- What you need to do -
Only the pictures are dropped. Restate each line below word for word.

- Dataset content -
━━━━━━━━
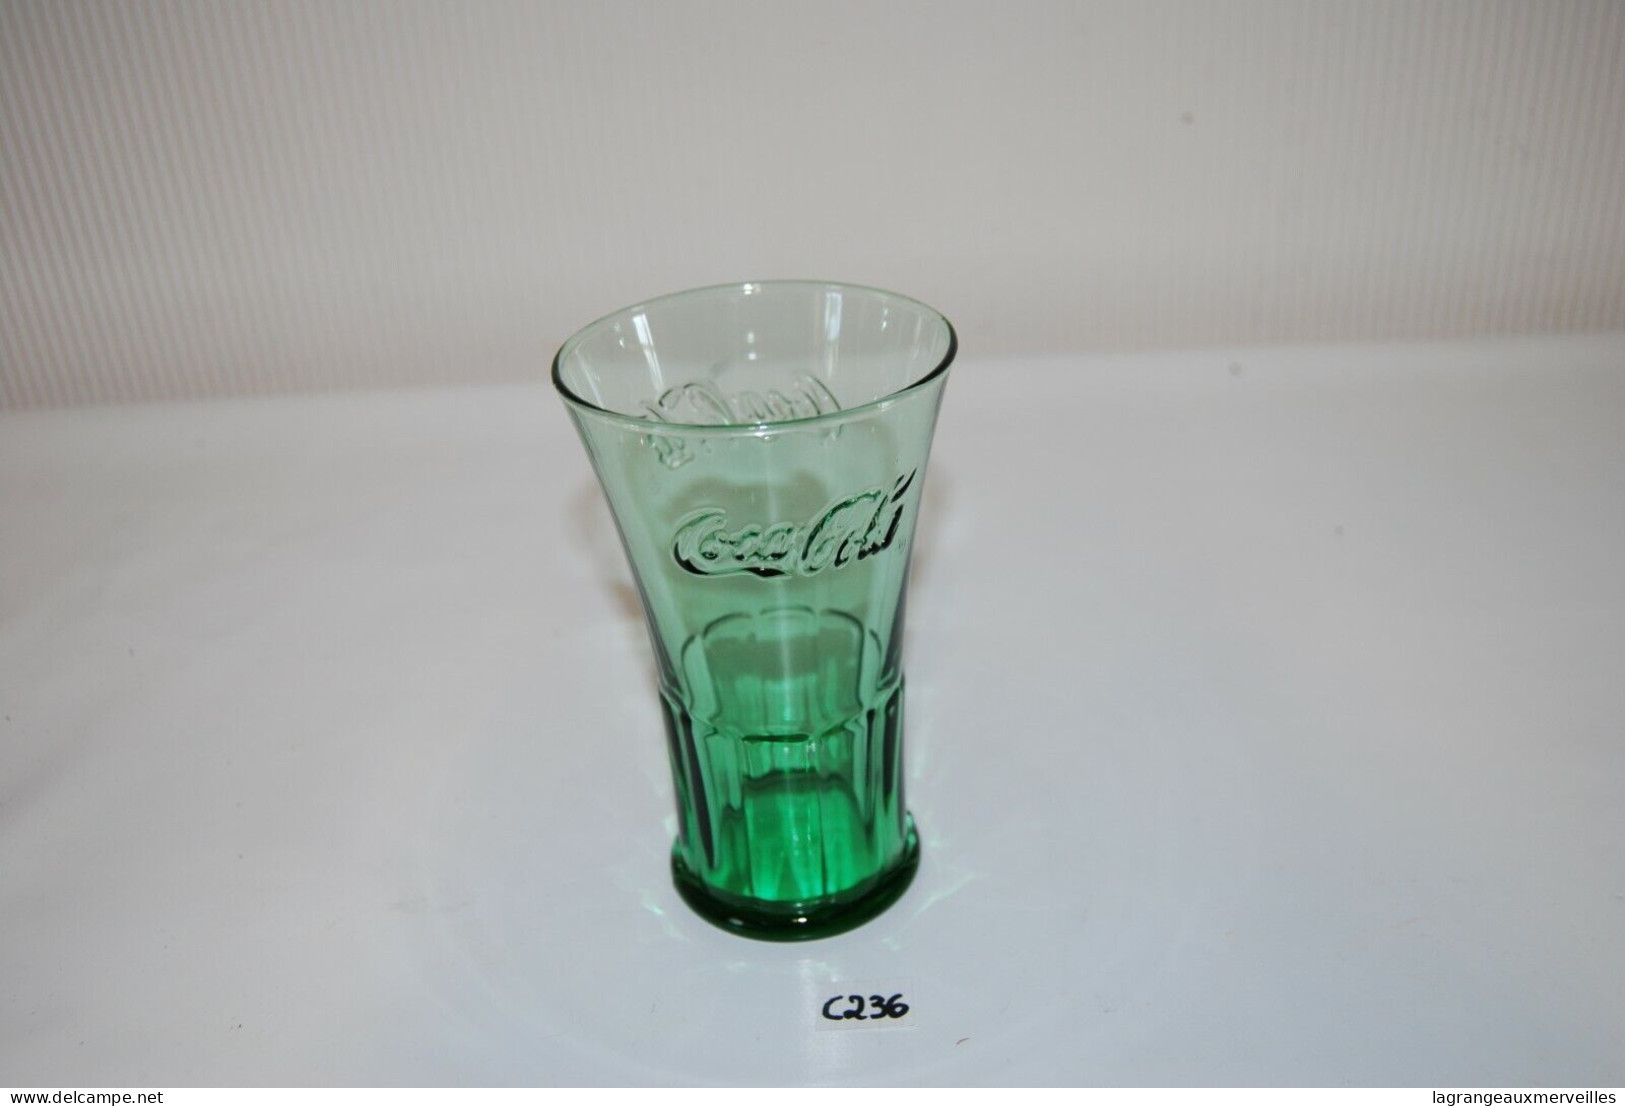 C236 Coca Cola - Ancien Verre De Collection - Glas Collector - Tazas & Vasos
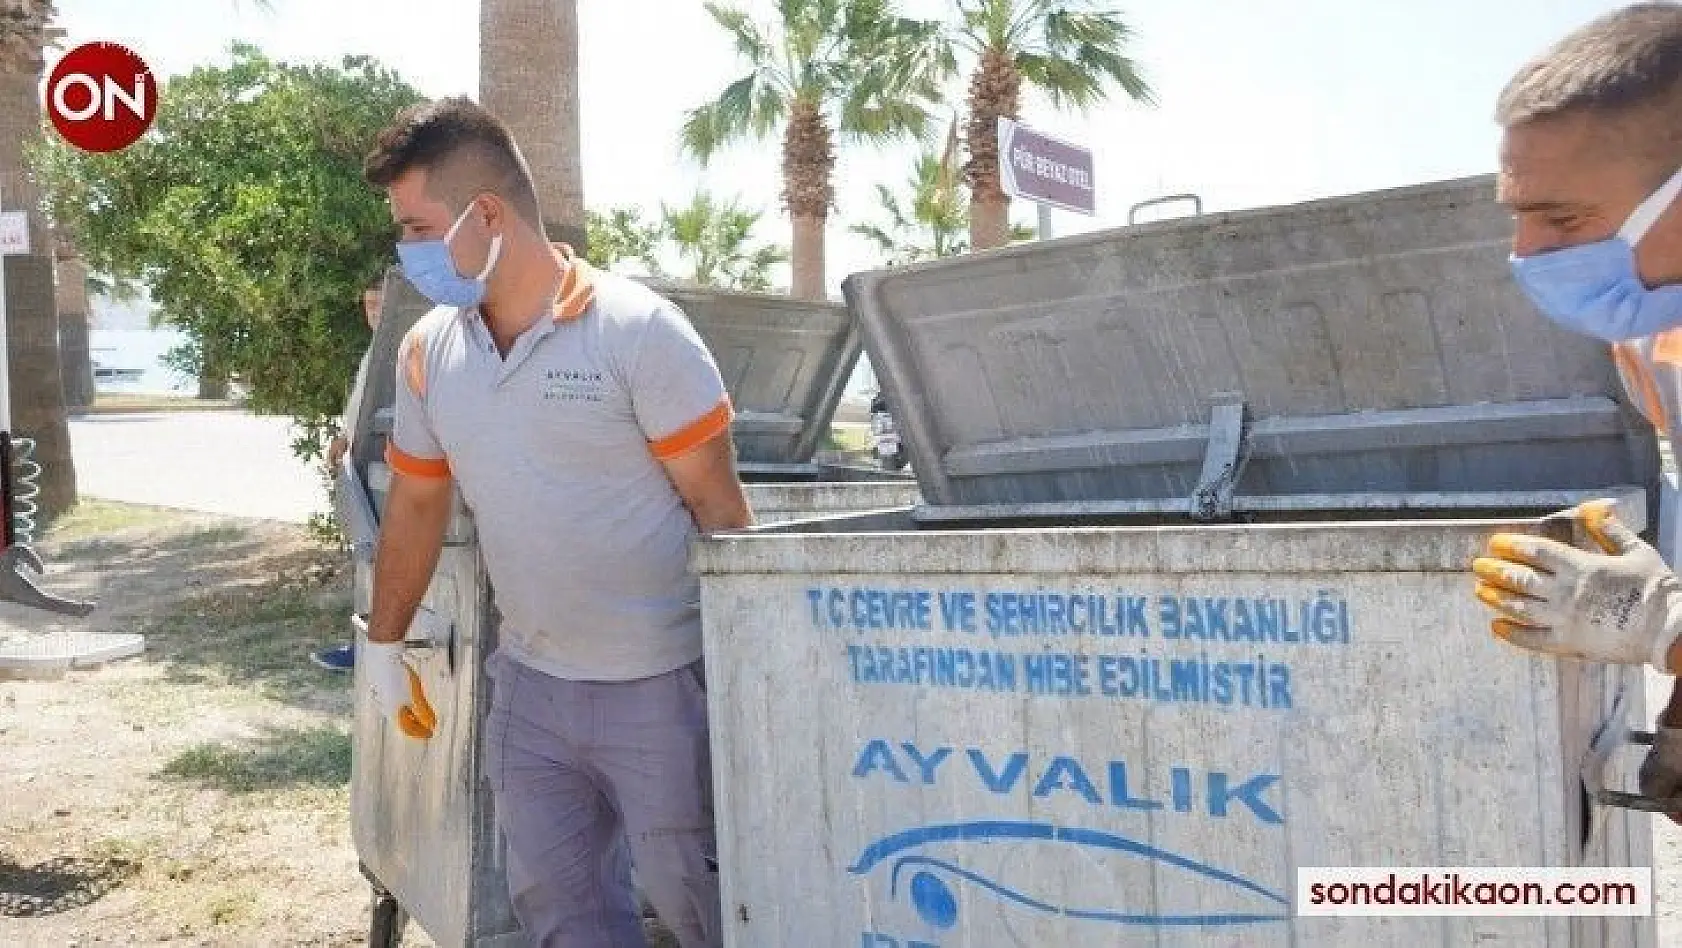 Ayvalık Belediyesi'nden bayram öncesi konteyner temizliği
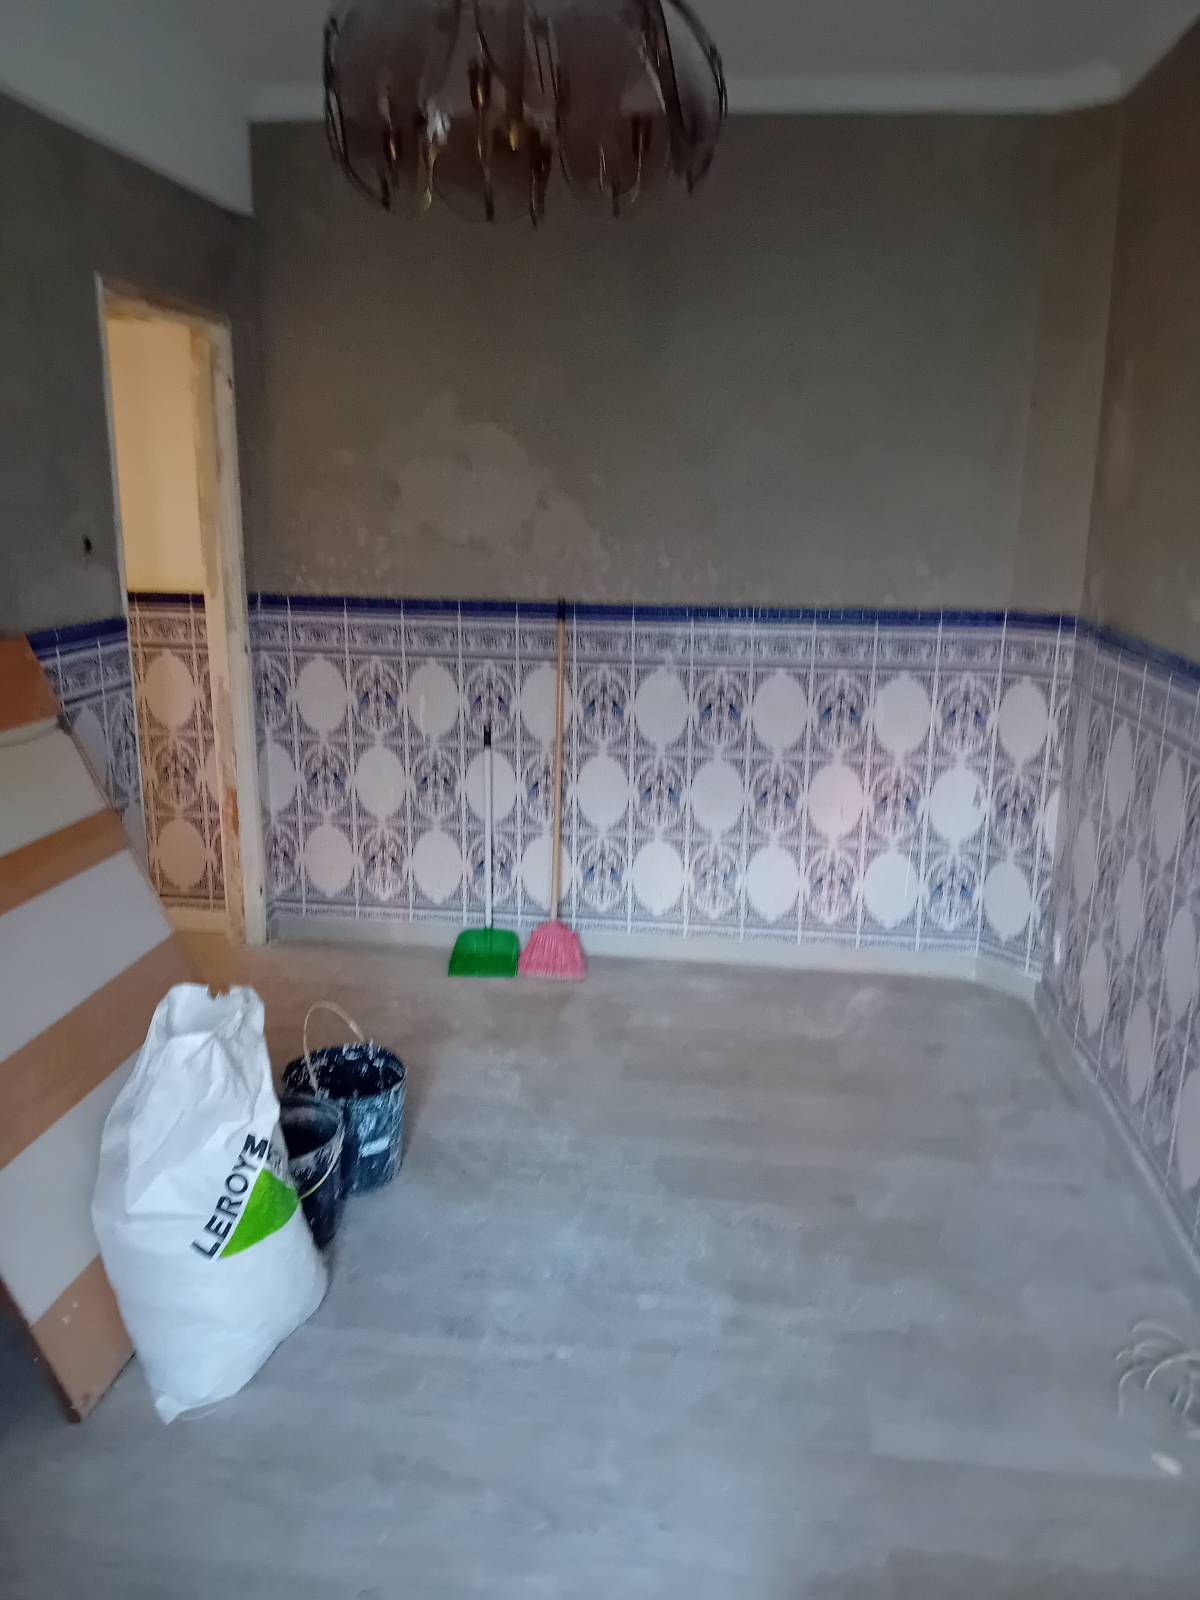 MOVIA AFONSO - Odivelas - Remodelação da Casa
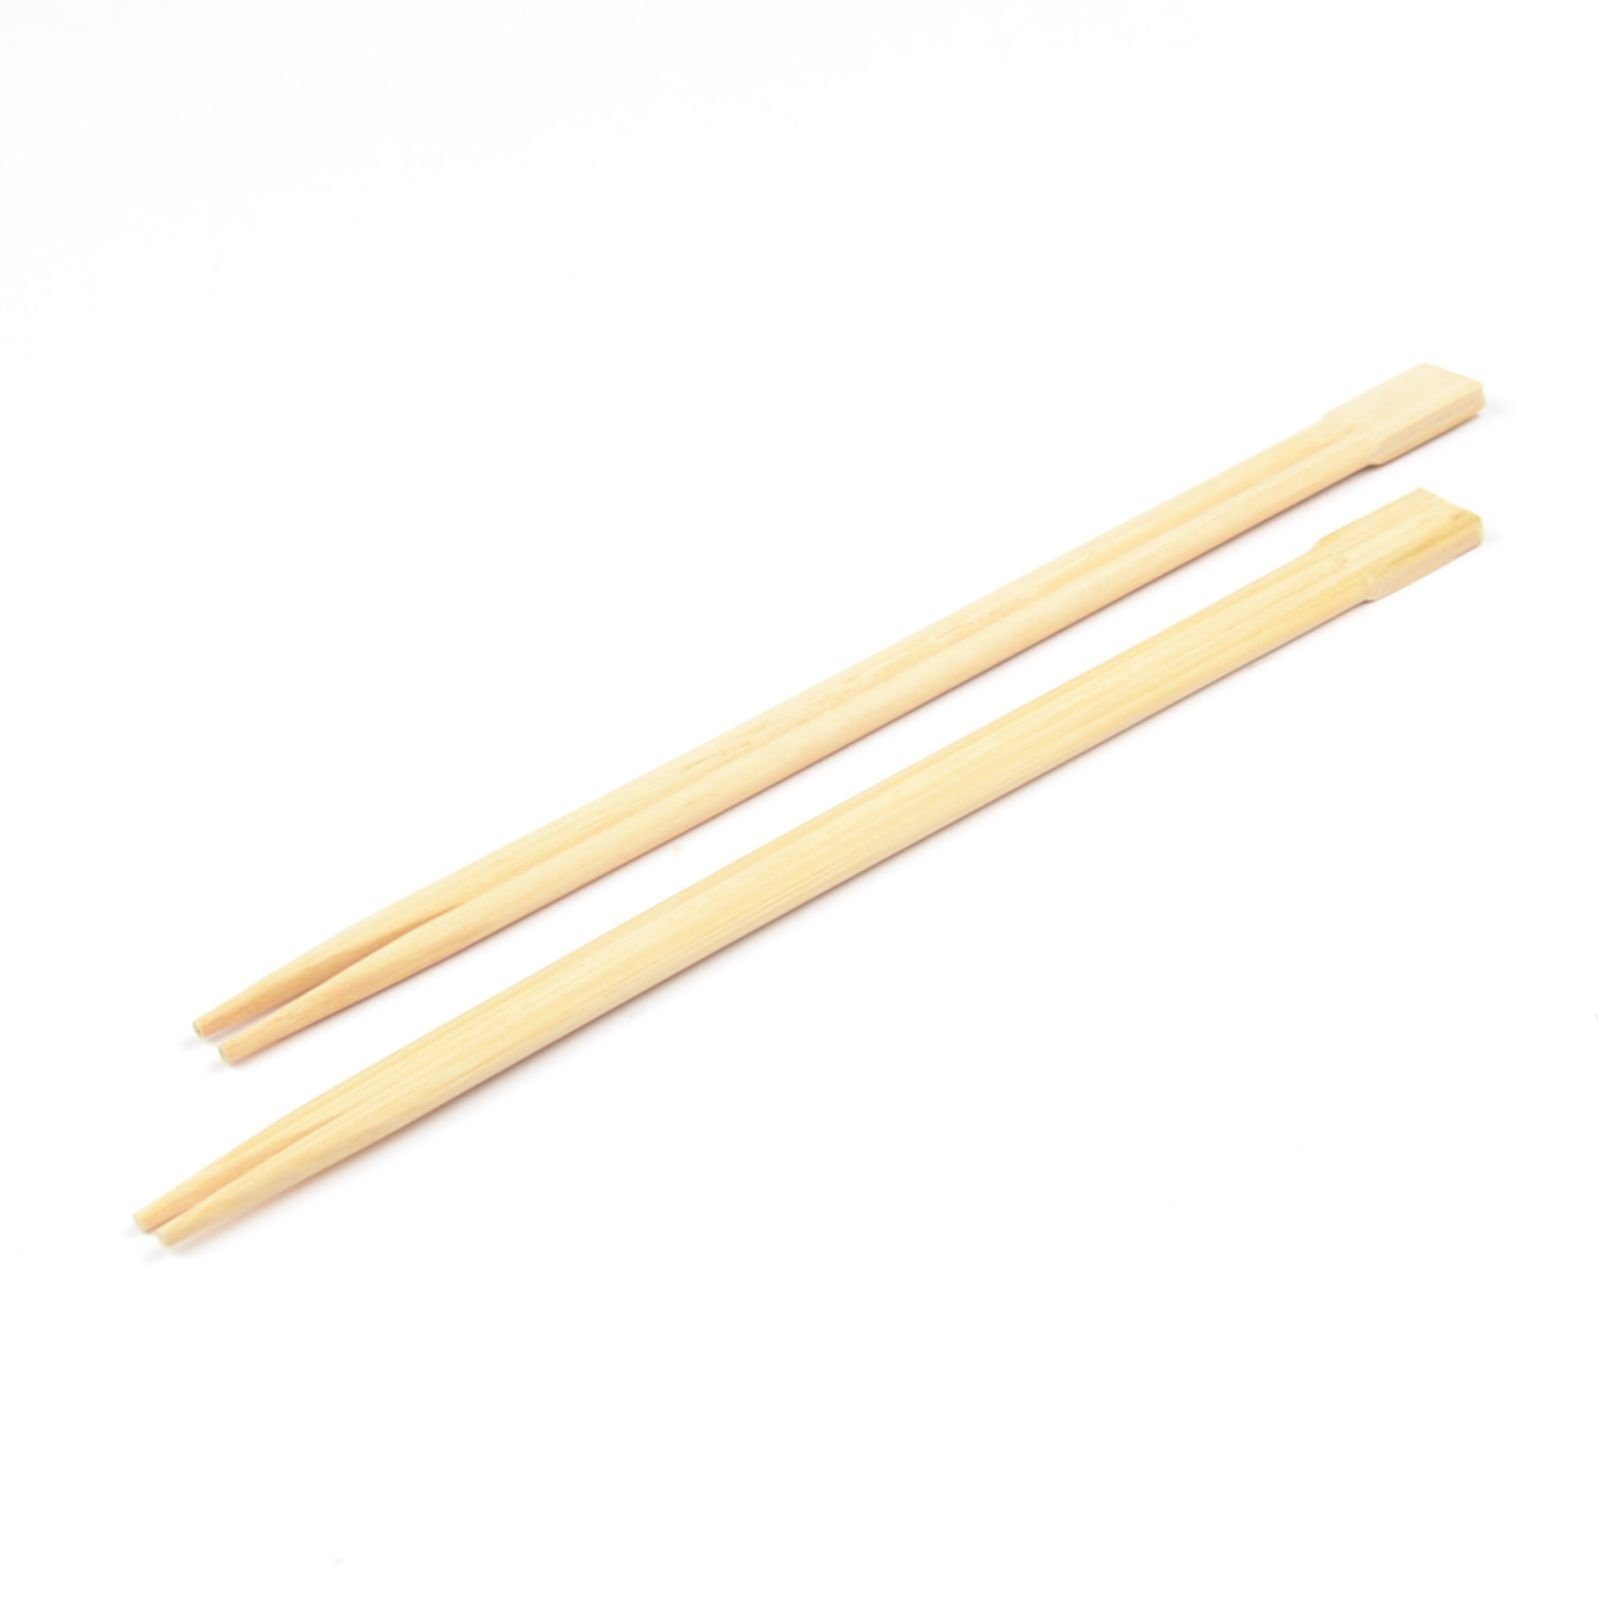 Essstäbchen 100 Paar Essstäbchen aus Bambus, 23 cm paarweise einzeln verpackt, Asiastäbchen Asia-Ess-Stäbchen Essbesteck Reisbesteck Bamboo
━━━━━━━━
- Solved problem -
 C236 Coca Cola - Ancien Verre De Collection - Glas Collector - Tazas & Vasos
 Ayvalık Belediyesi'nden bayram öncesi konteyner temizliği
 MOVIA AFONSO - Odivelas - Remodelação da Casa
 Essstäbchen 100 Paar Essstäbchen aus Bambus, 23 cm paarweise einzeln verpackt, Asiastäbchen Asia-Ess-Stäbchen Essbesteck Reisbesteck Bamboo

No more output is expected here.